Bohr's key idea in his model of the atom is that electrons occupy definite orbitals that require the electron to have a specific amount of energy. In order for an electron to be in the electron cloud of an atom, it must be in one of the allowable orbitals and it must have the precise energy required for that orbit. Orbits closer to the nucleus would require smaller amounts of energy for an electron and orbits farther from the nucleus would require the electrons to have a greater amount of energy. The possible orbits are known as energy levels. One of the weaknesses of Bohr's model was that he could not offer a reason why only certain energy levels or orbits were allowed.
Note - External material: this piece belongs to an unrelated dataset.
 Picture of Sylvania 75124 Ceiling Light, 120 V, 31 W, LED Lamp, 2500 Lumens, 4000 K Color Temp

Bohr hypothesized that the only way electrons could gain or lose energy would be to move from one energy level to another, thus gaining or losing precise amounts of energy. The energy levels are quantized, meaning that only specific amounts are possible. It would be like a ladder that had rungs only at certain heights. The only way you can be on that ladder is to be on one of the rungs and the only way you could move up or down would be to move to one of the other rungs. Suppose we had such a ladder with 10 rungs. Other rules for the ladder are that only one person can be on a rung in normal state and the ladder occupants must be on the lowest rung available. If the ladder had five people on it, they would be on the lowest five rungs. In this situation, no person could move down because all the lower rungs are full. Bohr worked out rules for the maximum number of electrons that could be in each energy level in his model and required that an atom in its normal state (ground state) had all electrons in the lowest energy levels available. Under these circumstances, no electron could lose energy because no electron could move down to a lower energy level. In this way, Bohr's model explained why electrons circling the nucleus did not emit energy and spiral into the nucleus.
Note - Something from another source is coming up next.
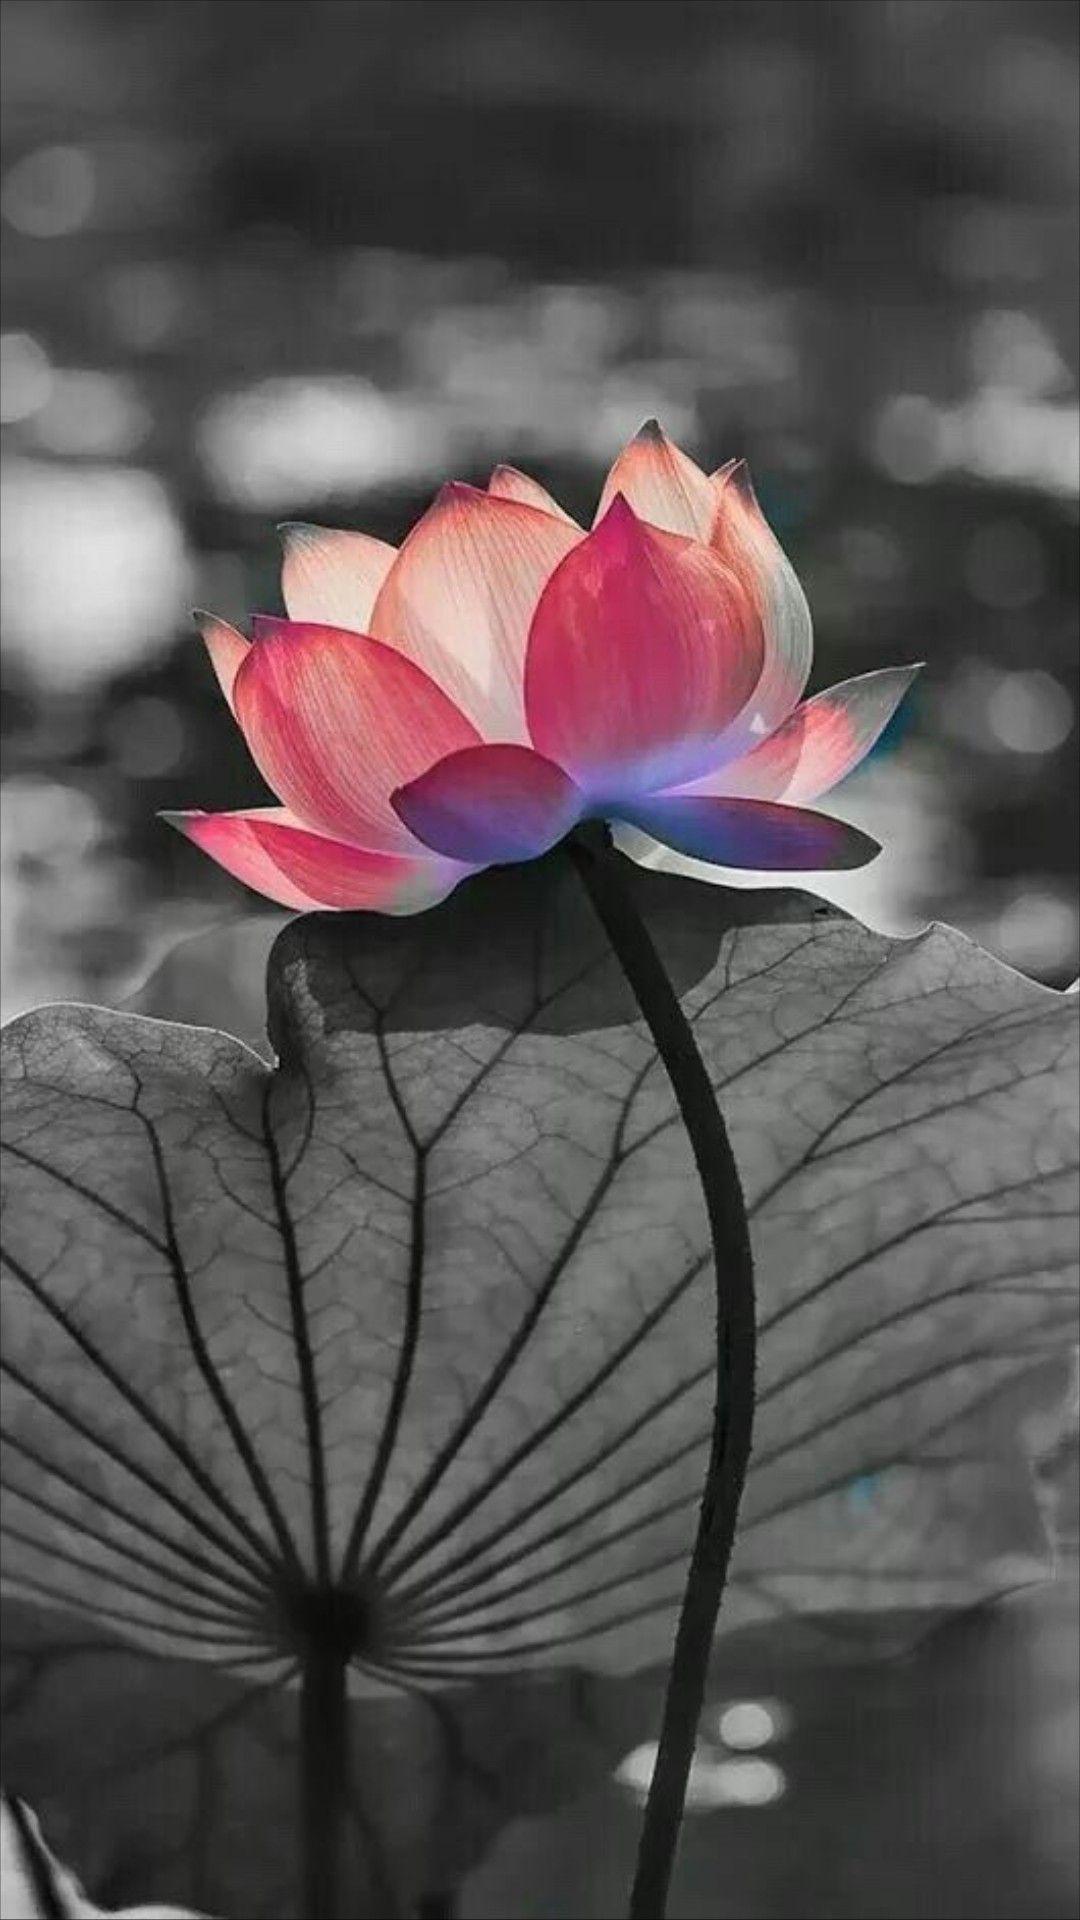 Pin by ml chiu on lotus pinterest lotus flowers and water lilies lotus izmirmasajfo

Bohr's Model and Atomic Spectra
The evidence used to support Bohr's model came from the atomic spectra. He suggested that an atomic spectrum is made by the electrons in an atom moving energy levels. The electrons typically have the lowest energy possible, called the ground state. If the electrons are given energy (through heat, electricity, light, etc.) the electrons in an atom could absorb energy by jumping to a higher energy level, or excited state. The electrons then give off the energy in the form of a piece of light, called a photon, they had absorbed to fall back to a lower energy level. The energy emitted by electrons dropping back to lower energy levels would always be precise amounts of energy because the differences in energy levels were precise. This explains why you see specific lines of light when looking at an atomic spectrum - each line of light matches a specific "step down" that an electron can take in that atom. This also explains why each element produces a different atomic spectrum. Because each element has different acceptable energy levels for their electrons, the possible steps each element's electrons can take differ from all other elements.
- Bohr's model suggests each atom has a set of unchangeable energy levels and electrons in the electron cloud of that atom must be in one of those energy levels.
- Bohr's model suggests that the atomic spectra of atoms is produced by electrons gaining energy from some source, jumping up to a higher energy level, then immediately dropping back to a lower energy level and emitting the energy different between the two energy levels.
- The existence of the atomic spectra is support for Bohr's model of the atom.
- Bohr's model was only successful in calculating energy levels for the hydrogen atom.
- Emission spectrum (or atomic spectrum): The unique pattern of light given off by an element when it is given energy.
- Energy levels: Possible orbits that an electron can have in the electron cloud of an atom.
- Ground state: to be in the lowest energy level possible.
- Excited state: to be in a higher energy level.
- Photon: a piece of electromagnetic radiation, or light, with a specific amount of energy.